A review into the controversial part night lighting scheme, where areas of Hertfordshire are plunged into darkness over night, concluded that it had been a success.

Hertfordshire County Council overview and scrutiny committee met on Tuesday to review the project.

The decision to turn off the county’s streetlights between midnight and 6am was made in 2010, in order to save money and energy.

Since then it has attracted derision from residents across the county, concerned with public safety and a perceived increase in criminal activity.

Hertfordshire is one of the biggest lighting authorities in the country, consuming 42 million units of electricity, producing 23 tonnes of carbon, and running up an annual bill of £6 million in maintenance.

Peter Simpson, senior asset manager of the scheme, said: "Street lighting was 10 per cent of the council’s highways budget, and 40 per cent of that is the cost of energy.

"The cost of energy is only going to go up, and that is a major risk for any authority.

"Part night lighting has reduced this by 26 per cent, and it has reduced greenhouse gas emissions by 15.3 per cent."

Although the project cost £3.75 million, it has so far saved 31 million units of electricity, which would have cost the council £1.8 million.

Carbon emissions, which will be taxed at £16 a tonne by 2014, have dropped to 17,000 tonnes.

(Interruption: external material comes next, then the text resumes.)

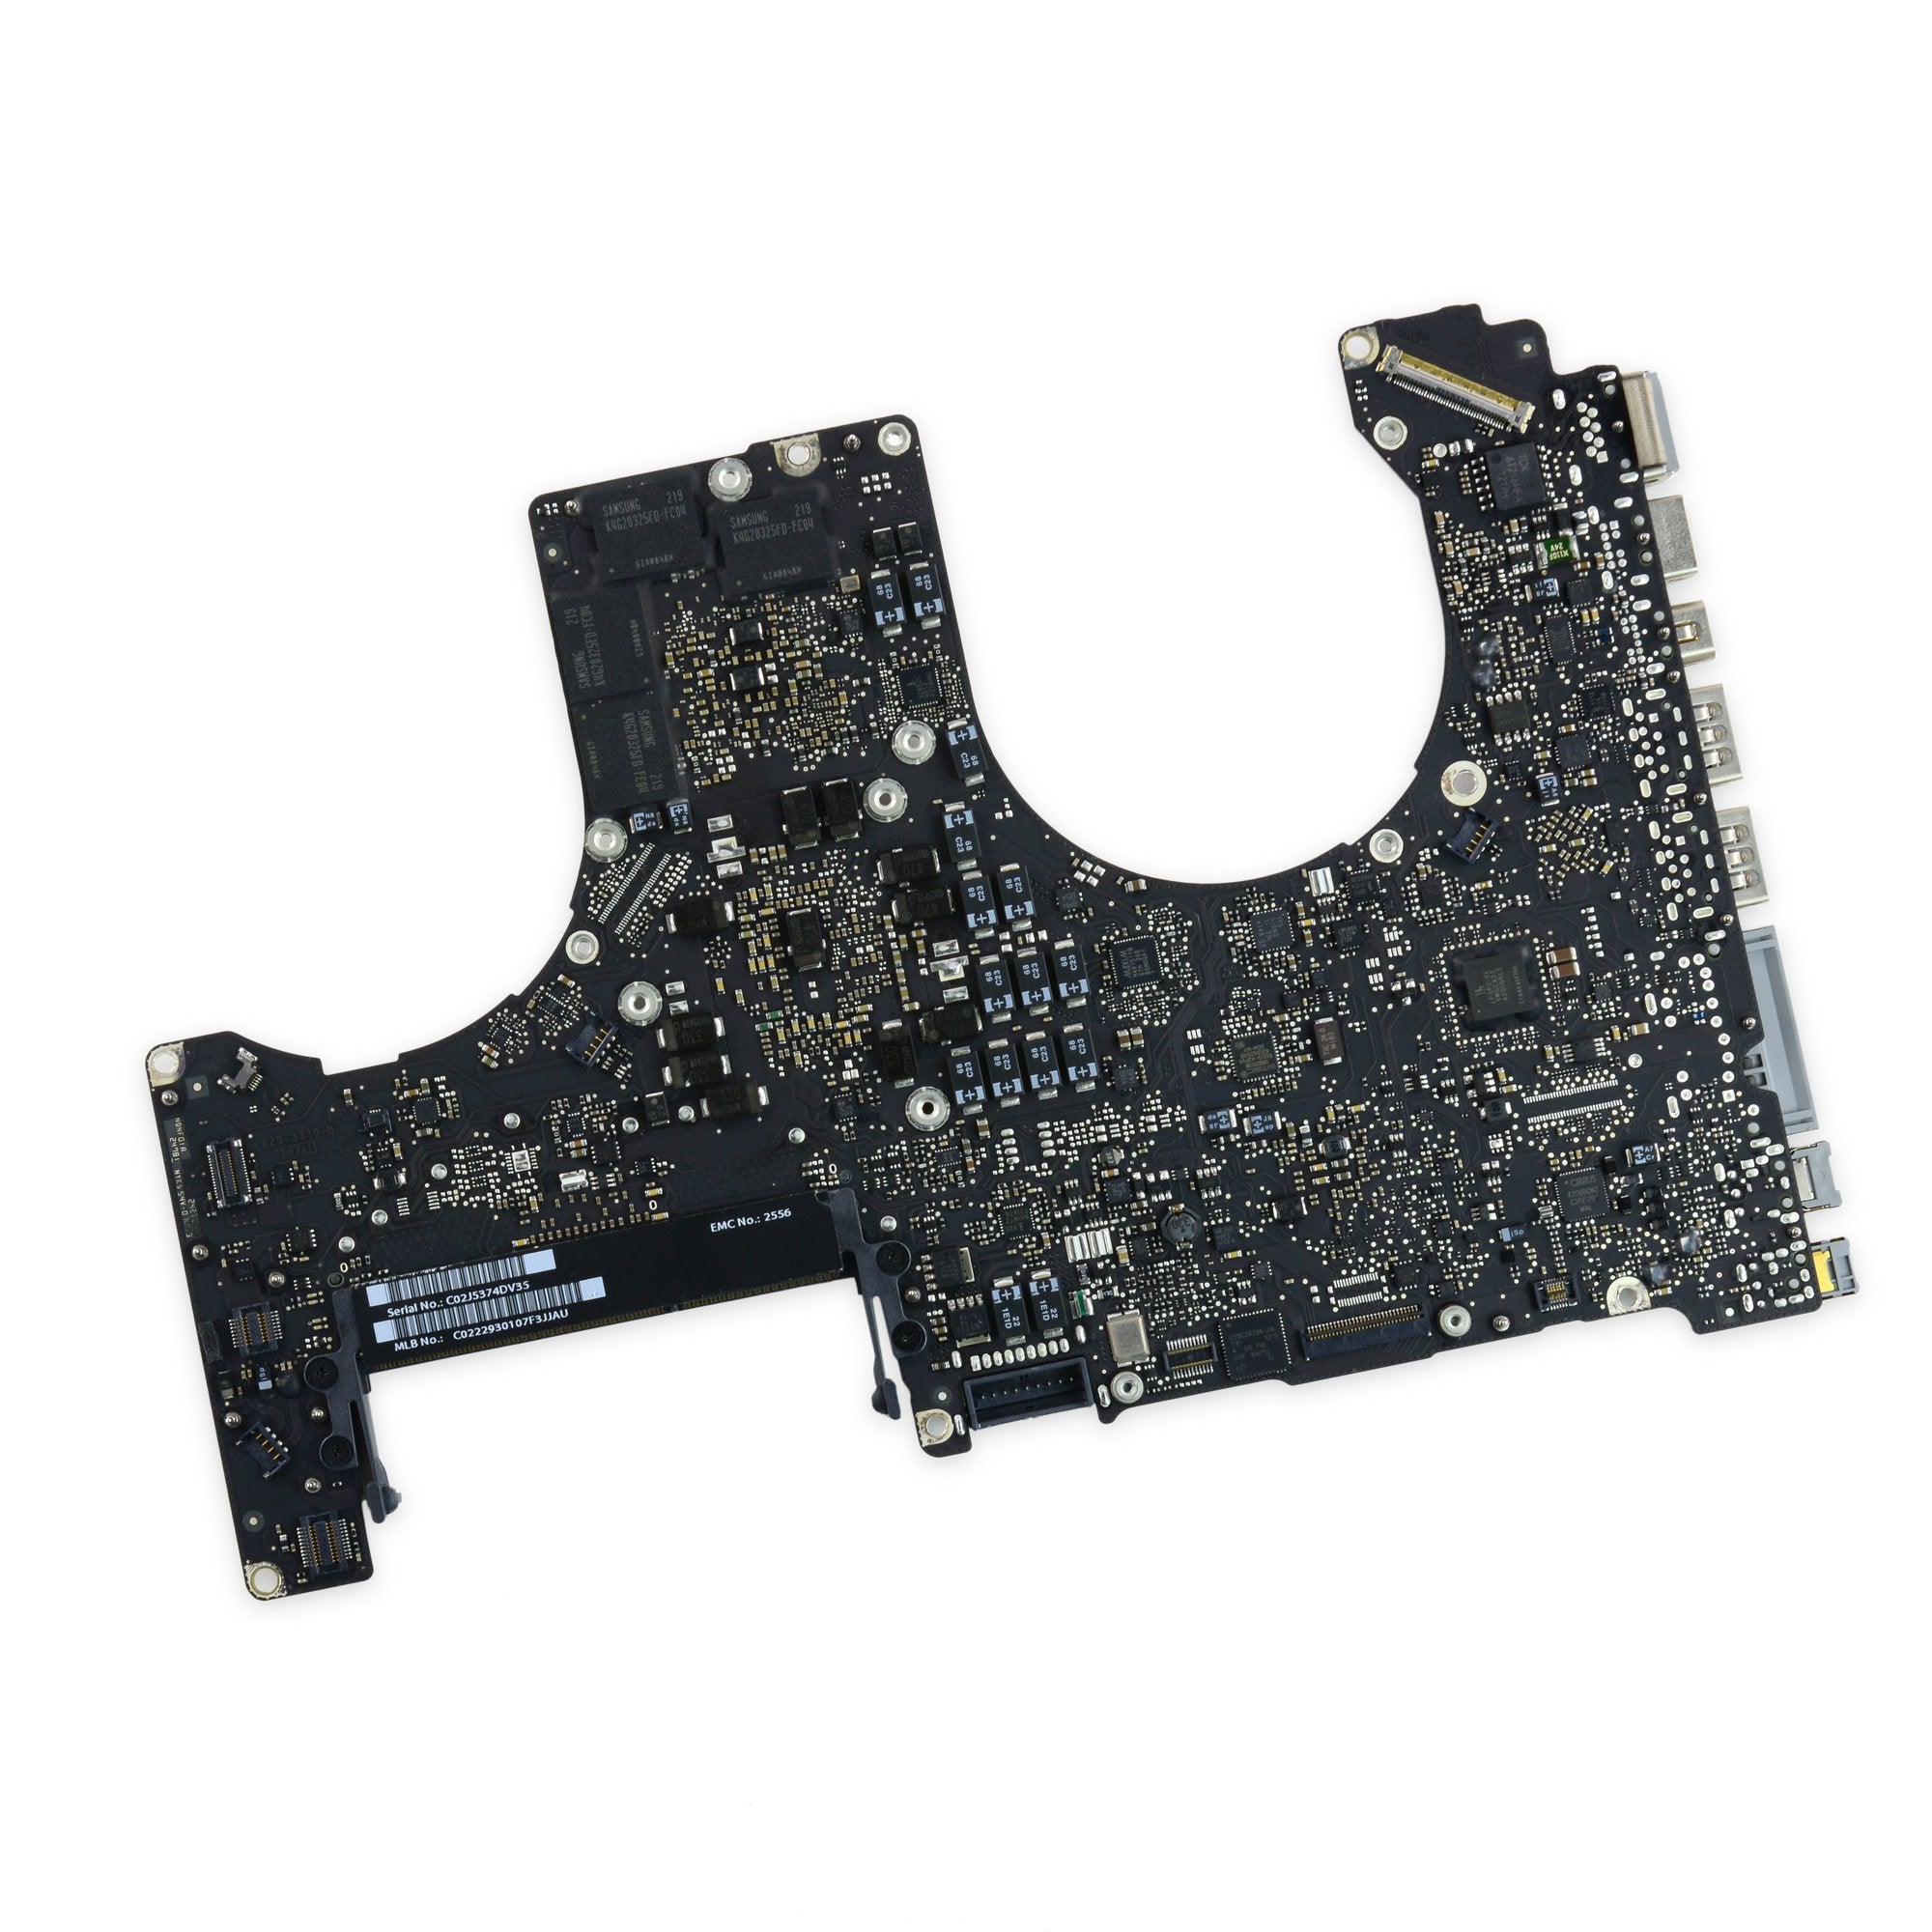 MacBook Pro 15" Unibody (Mid 2012) 2.6 GHz Logic Board

The figures for road traffic collisions recorded between midnight to 6am, showed an increase in two divisions in Dacorum and Broxbourne, of 94 per cent and 230 per cent respectively.

However, only one of these claims was on a road affected by the scheme, and the committee concluded that there were no road safety concerns in connection with the scheme.

The committee then heard from Karl Edwards, from the East of England Ambulance Trust, and Simon Brown, from Hertfordshire Fire and Rescue Service.

Neither could find any evidence of part-night lighting impacting their response.

Michael Rhead from Hertfordshire Constabulary examined recorded crime in four, six-month periods, from September to February, spanning 2009 to 2012.

County-wide, the numbers have decreased year on year from 32,673 in 2009/10 to 25,526 in 2012/13.

Mr Rhead concluded by saying: "There is a fear of crime, but crime levels have not increased broadly.

"Hertfordshire remains one of the safest counties to live and Hertfordshire Police remains one of the top performing constabularies."

Suzanne Alford from the "Turn Our Street Lights Back On" Facebook group, which has 1,380 members, then gave a presentation.

She has collected a petition of more than 5,000 signatures, 500 from her housing estate in Borehamwood.

She said: "I am here to represent the human element. It was wholly undemocratic and dictatorial to not consult residents.

"It discriminates against teenagers coming back from nightclubs, and shift workers, a lot of whom are poorly paid and are now having to put up with being plunged into darkness.

"I like to go on late-night walks and this restricts my freedom of movement and is effectively a curfew.

"We are a 24/7 society, people have differing sleeping patterns and none of this was taken into consideration.

"We want a flexible response from the county council, and some light at the end of the tunnel to help people who are out at those times. Give us some hope."

By the end of the meeting, the committee was satisfied the part-night lighting scheme had saved money and was more environmentally friendly.

Councillors were also happy there had been no impact on road safety or criminality since the scheme’s inception.

A report containing recommendations for LED lighting to be investigated, and to allow more flexibility in which streets are included in the scheme, will be given to the cabinet member before the end of the month.